Top of DATA SECTION
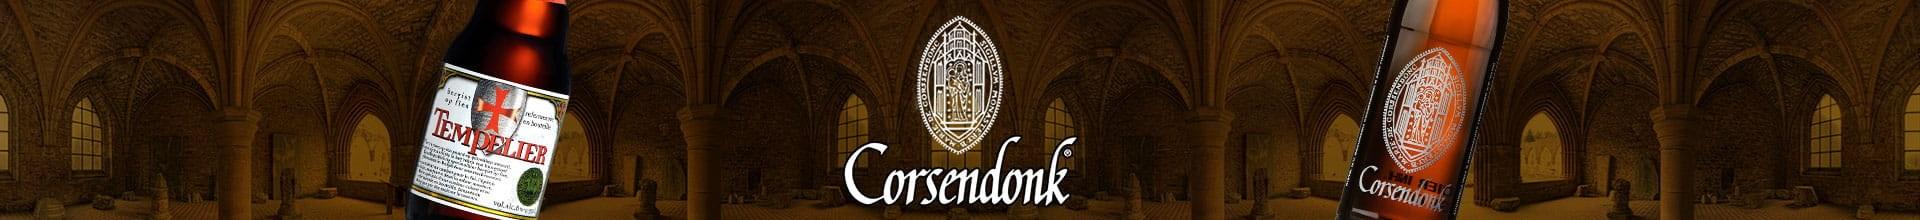 Banner Cervejaria Corsendonk
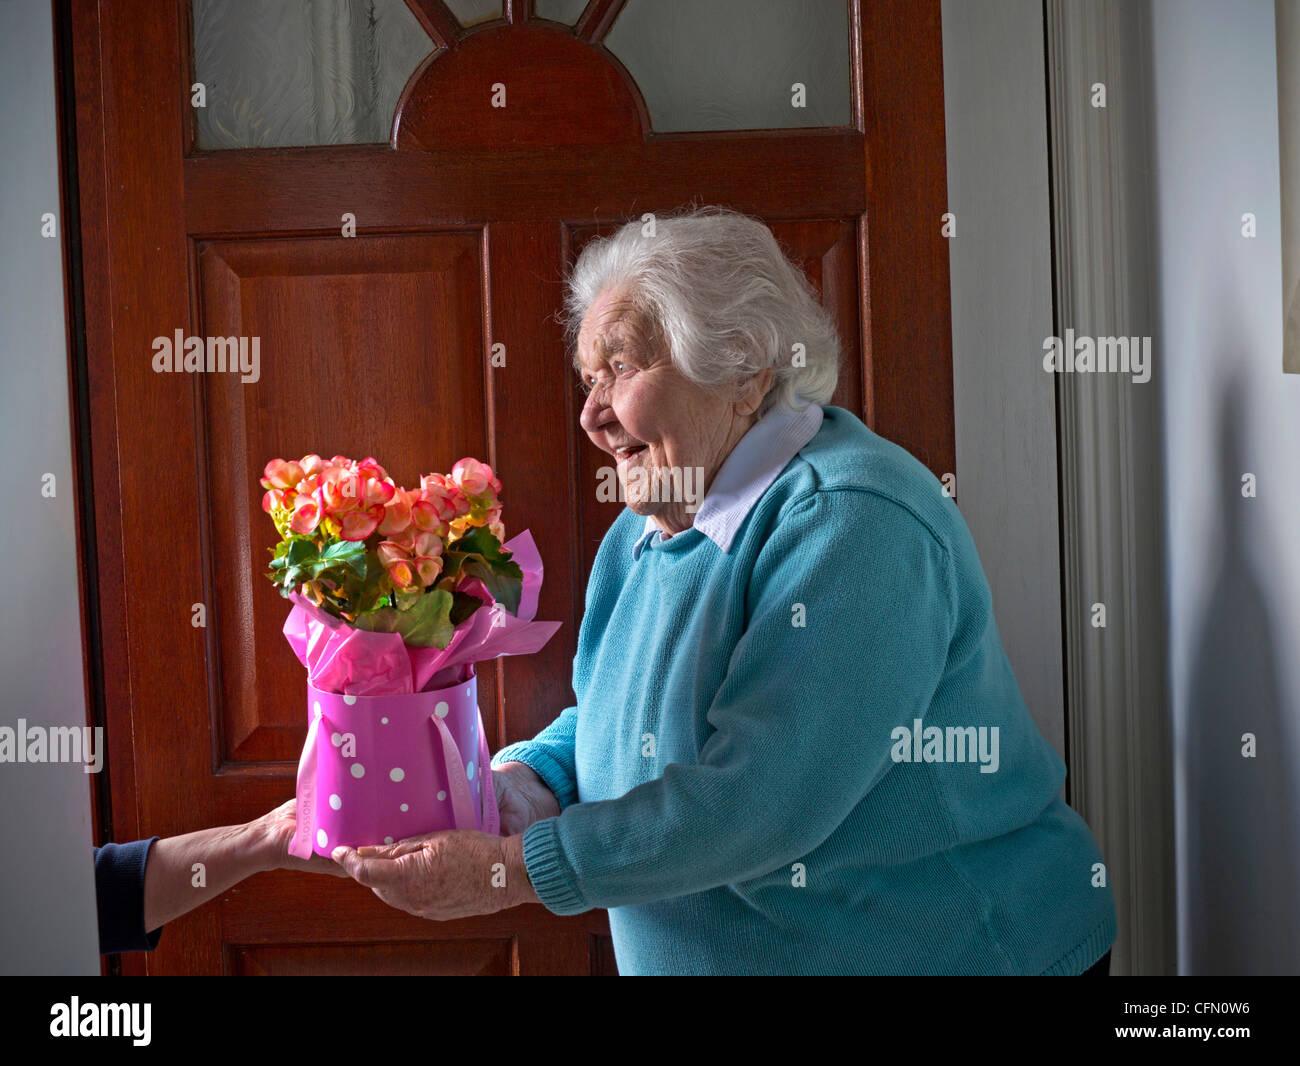 Flower Bouquet Delivery Door Happy Elderly Lady At Her Front Door
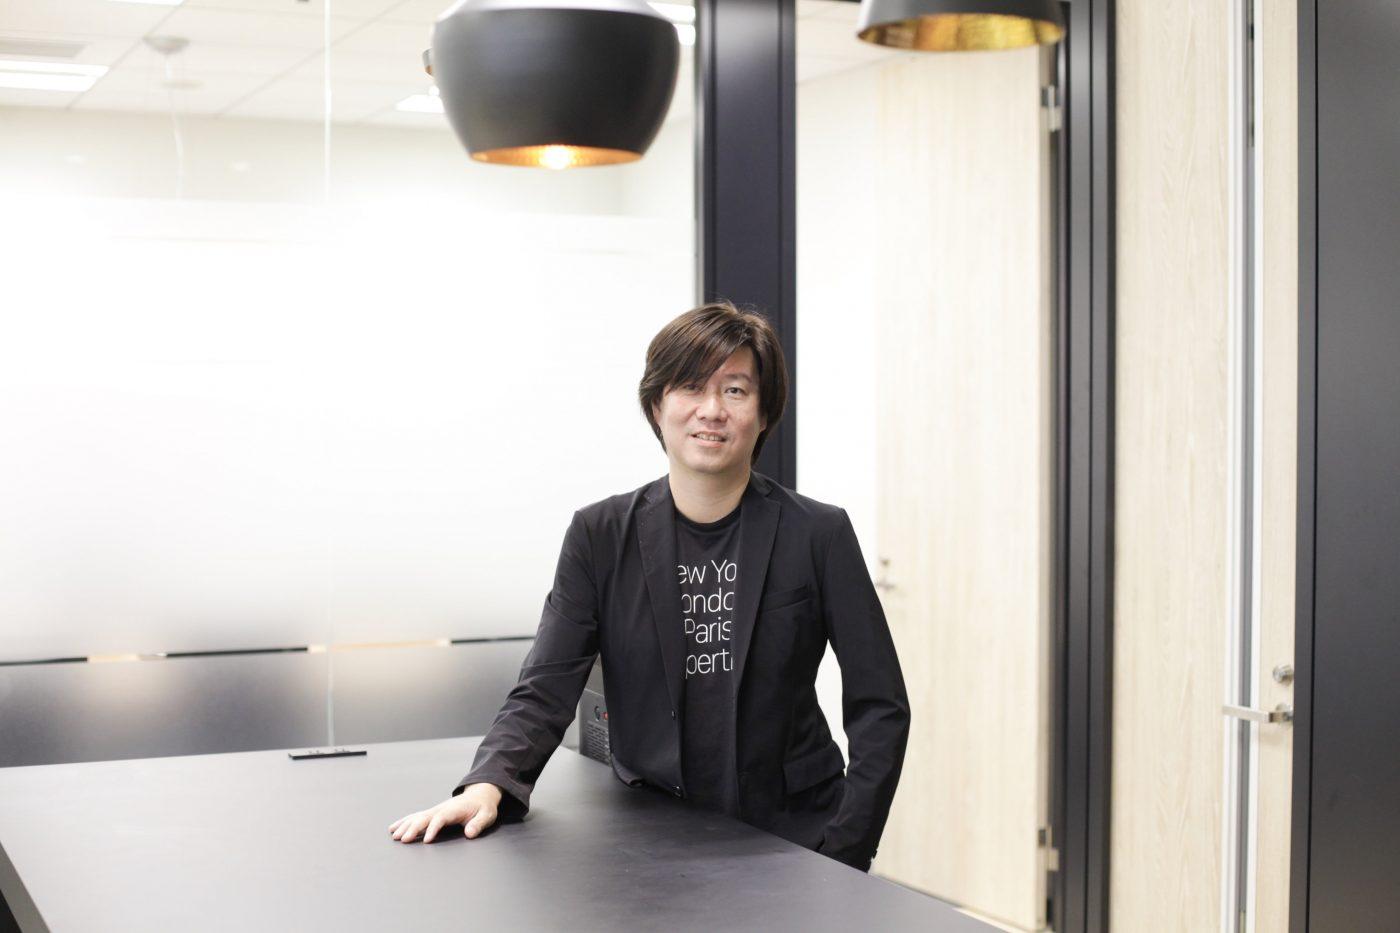 松本真尚 WiL ジェネラルパートナー スタートアップに飛び込まない理由はない。オープンイノベーションの可能性
Bottom of DATA SECTION
Write out exactly the lines from the one that contains "Flower Bouquet Delivery" through the last line of the data above, both included. Leave every picture out.

● **RESPONSE TO THE EXERCISE**:
 Flower Bouquet Delivery Door Happy Elderly Lady At Her Front Door
 松本真尚 WiL ジェネラルパートナー スタートアップに飛び込まない理由はない。オープンイノベーションの可能性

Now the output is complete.